The
cat escaped once more and Mahony began to throw stones at the
wall she had escaladed. Desisting from this, he began to wander
about the far end of the field, aimlessly.
After an interval the man spoke to me. He said that my friend was
a very rough boy and asked did he get whipped often at school. I
was going to reply indignantly that we were not National School
boys to be whipped, as he called it; but I remained silent. He began
to speak on the subject of chastising boys. His mind, as if
magnetised again by his speech, seemed to circle slowly round and
round its new centre. He said that when boys were that kind they
ought to be whipped and well whipped. When a boy was rough and
unruly there was nothing would do him any good but a good sound
whipping. A slap on the hand or a box on the ear was no good:
what he wanted was to get a nice warm whipping. I was surprised
at this sentiment and involuntarily glanced up at his face. As I did
so I met the gaze of a pair of bottle-green eyes peering at me from
under a twitching forehead. I turned my eyes away again.
The man continued his monologue. He seemed to have forgotten
his recent liberalism. He said that if ever he found a boy talking to
girls or having a girl for a sweetheart he would whip him and whip
him; and that would teach him not to be talking to girls. And if a
boy had a girl for a sweetheart and told lies about it then he would
give him such a whipping as no boy ever got in this world. He said
that there was nothing in this world he would like so well as that.
He described to me how he would whip such a boy as if he were
unfolding some elaborate mystery. He would love that, he said,
better than anything in this world; and his voice, as he led me
monotonously through the mystery, grew almost affectionate and
seemed to plead with me that I should understand him.

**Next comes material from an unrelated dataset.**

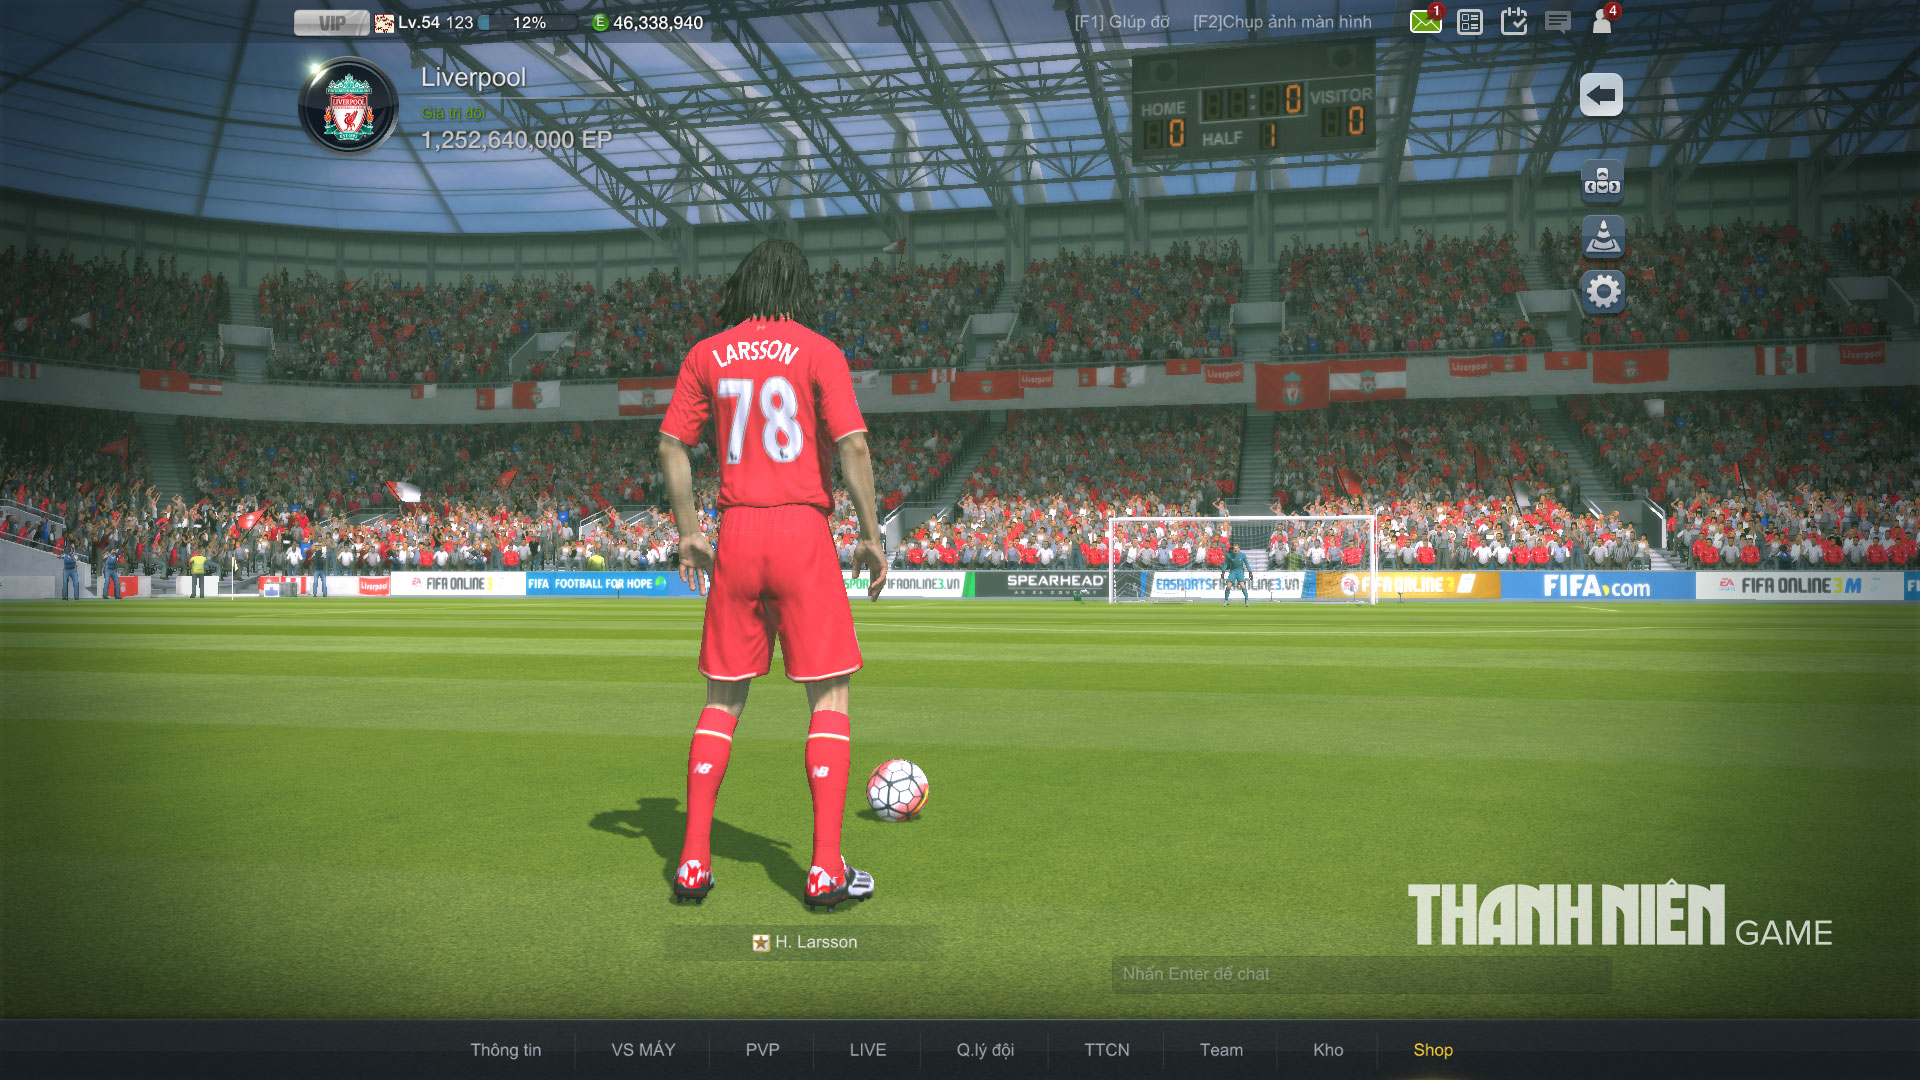 FIFA ONLINE 3  Game online bóng đá cực HOT và hấp dẫn
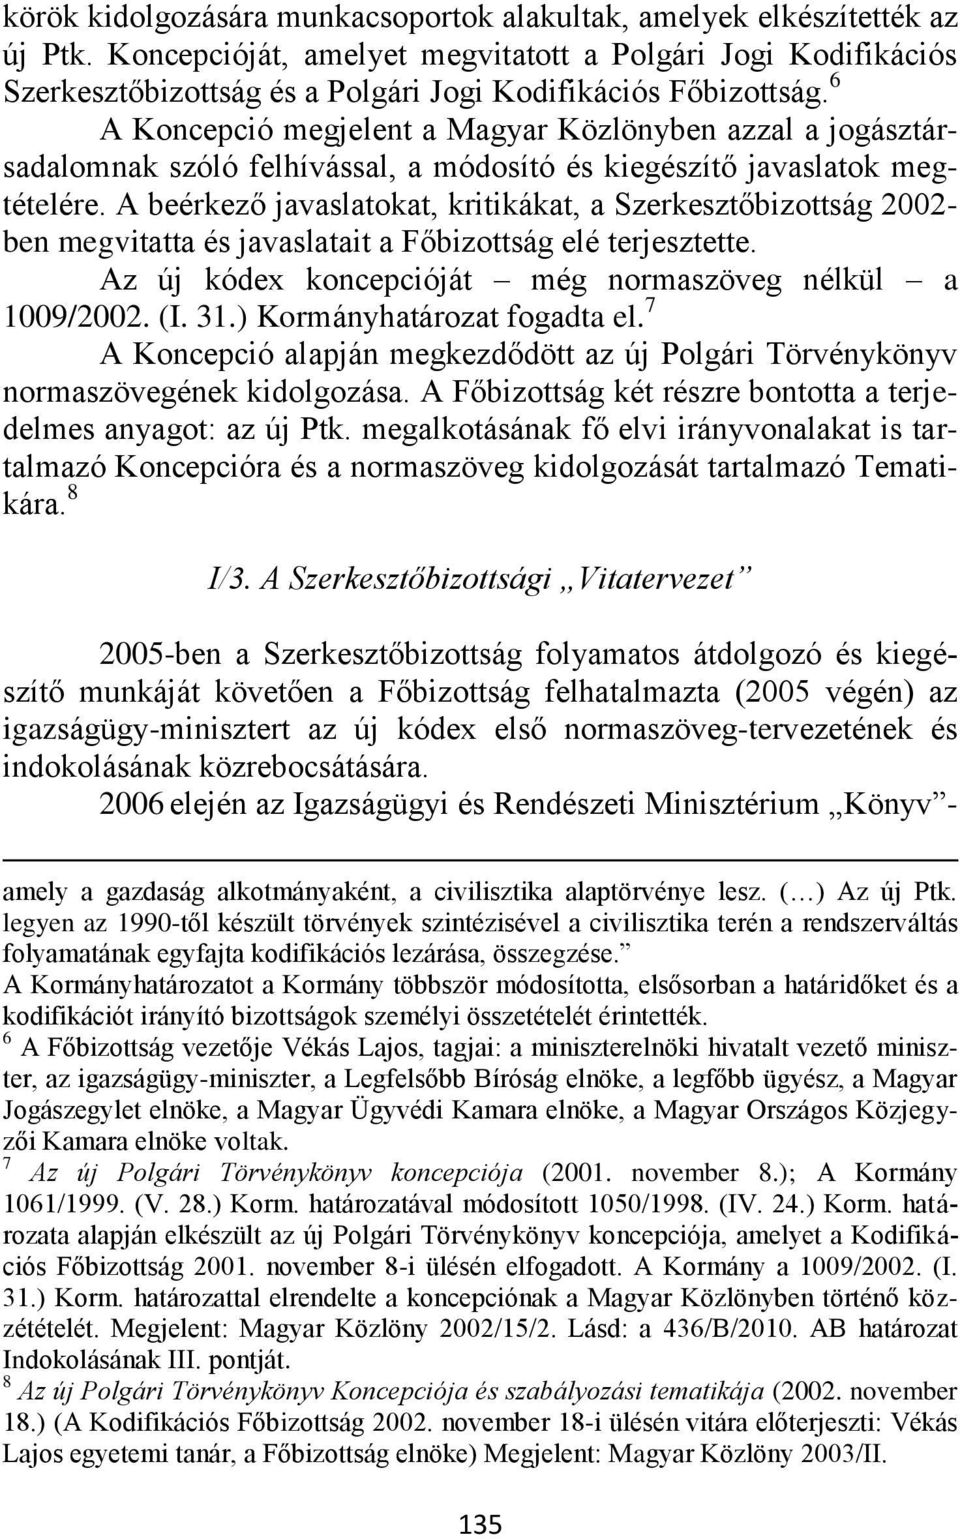 6 A Koncepció megjelent a Magyar Közlönyben azzal a jogásztársadalomnak szóló felhívással, a módosító és kiegészítő javaslatok megtételére.

I waited till his monologue paused again. Then I stood up abruptly.
Lest I should betray my agitation I delayed a few moments
pretending to fix my shoe properly and then, saying that I was
obliged to go, I bade him good-day. I went up the slope calmly but
my heart was beating quickly with fear that he would seize me by
the ankles. When I reached the top of the slope I turned round and,
without looking at him, called loudly across the field:
"Murphy!"
My voice had an accent of forced bravery in it and I was ashamed
of my paltry stratagem. I had to call the name again before
Mahony saw me and hallooed in answer. How my heart beat as he
came running across the field to me! He ran as if to bring me aid.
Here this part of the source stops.